Your task is to repeat the lines below exactly, excluding any pictures they contain.

═════ INFORMATION SUPPLIED

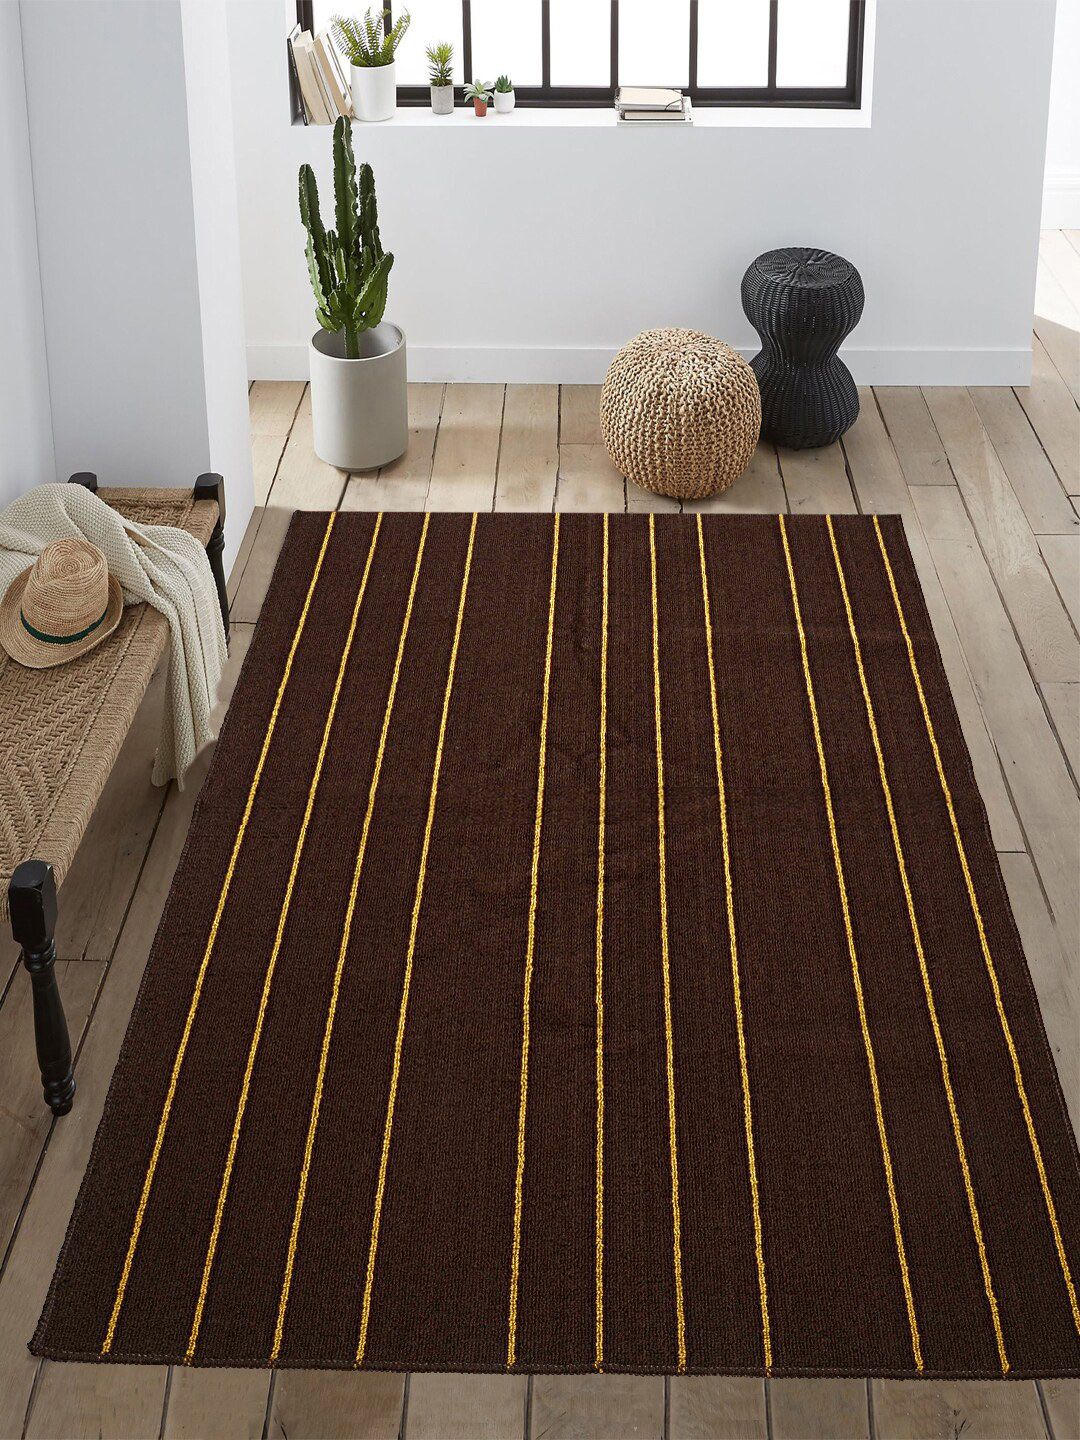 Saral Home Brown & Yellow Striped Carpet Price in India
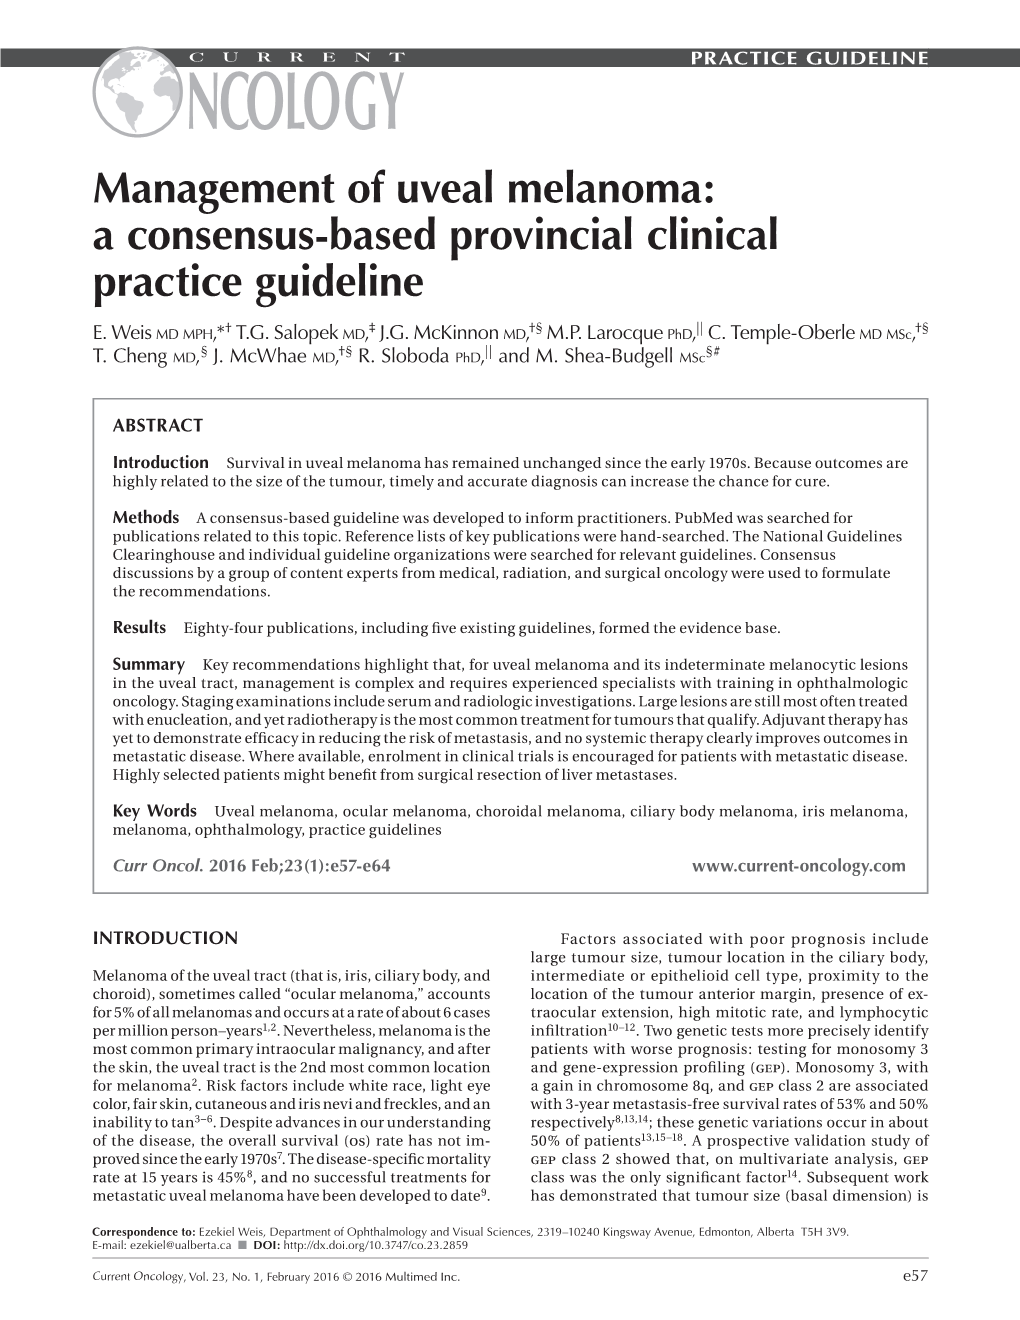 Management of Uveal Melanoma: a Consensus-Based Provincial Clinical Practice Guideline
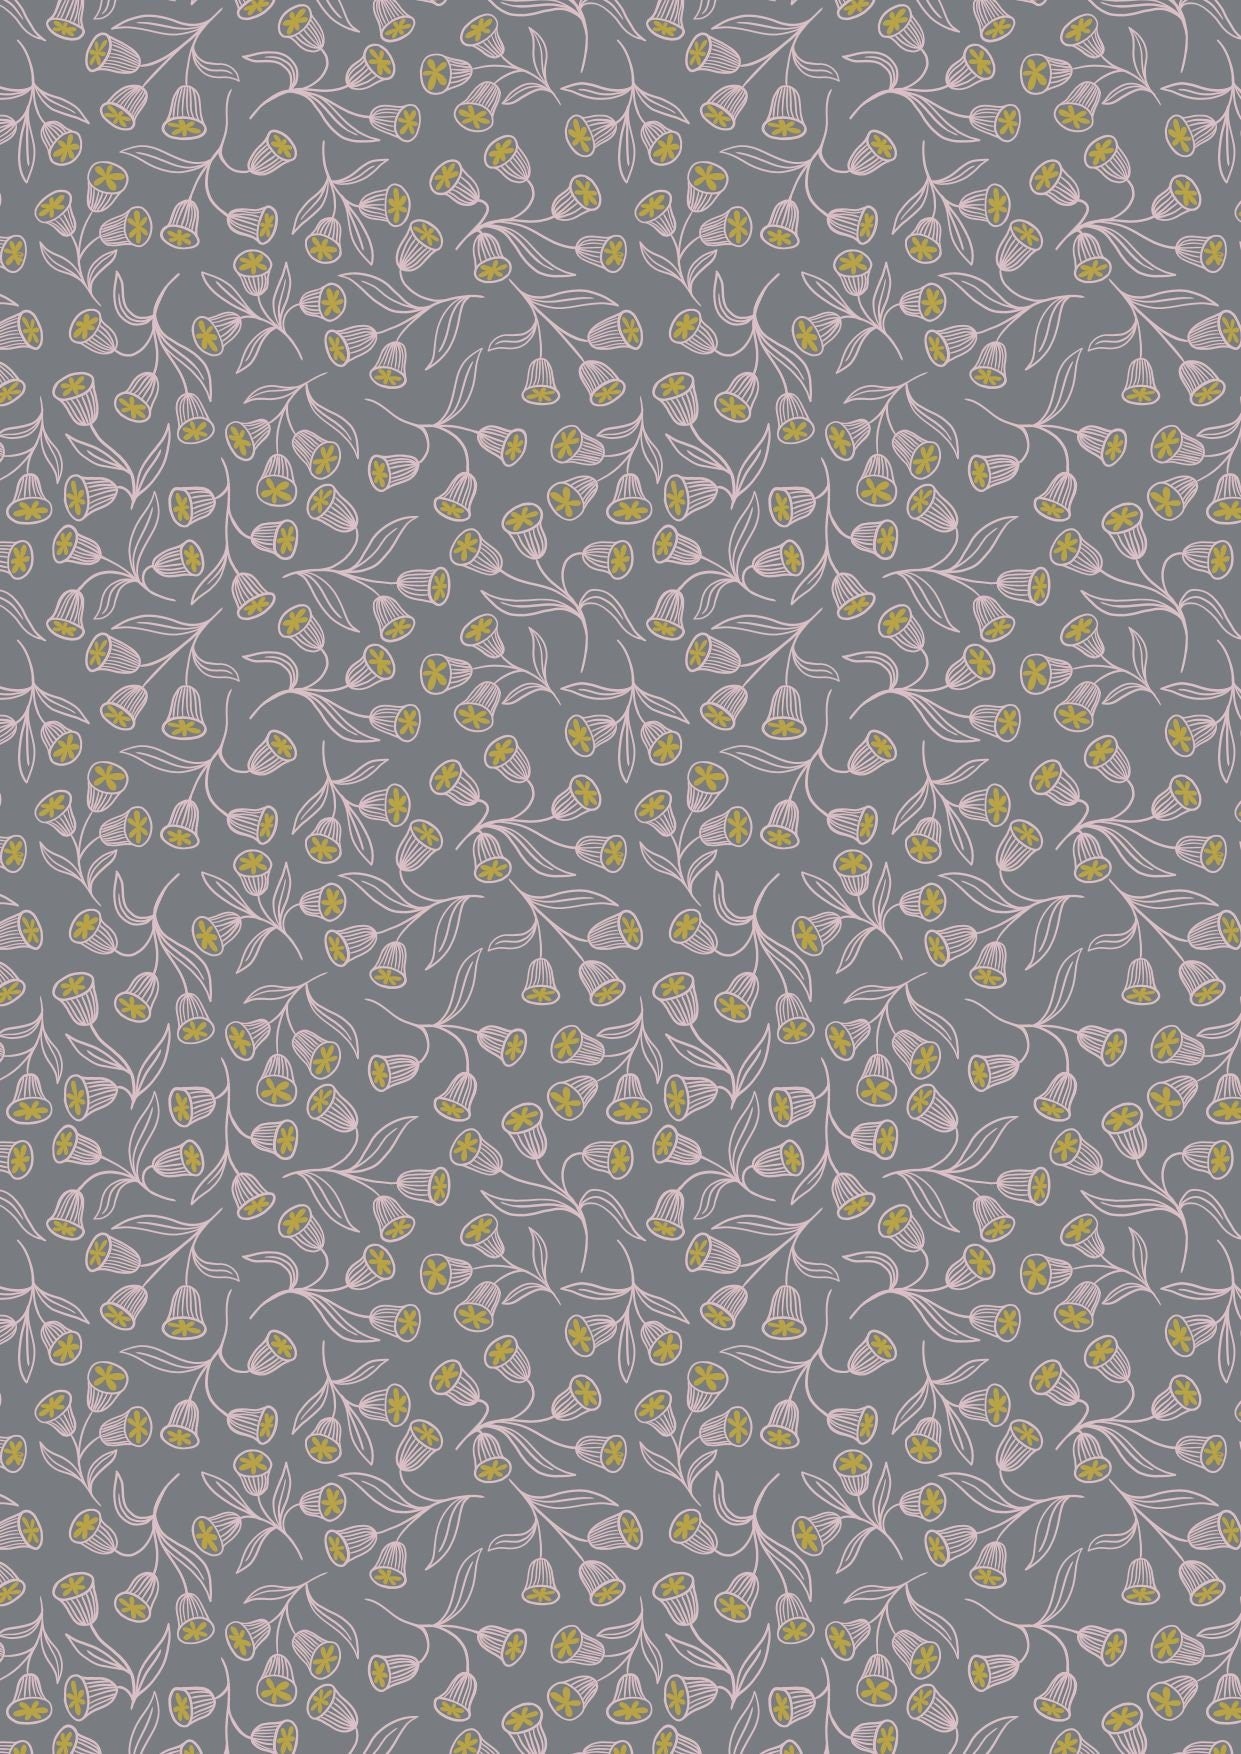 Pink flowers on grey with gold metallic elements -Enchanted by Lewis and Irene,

══════════

> [RESPONSE TO THIS TASK]:
 Saral Home Brown & Yellow Striped Carpet Price in India
 Management of Uveal Melanoma: a Consensus-Based Provincial Clinical Practice Guideline
 Pink flowers on grey with gold metallic elements -Enchanted by Lewis and Irene,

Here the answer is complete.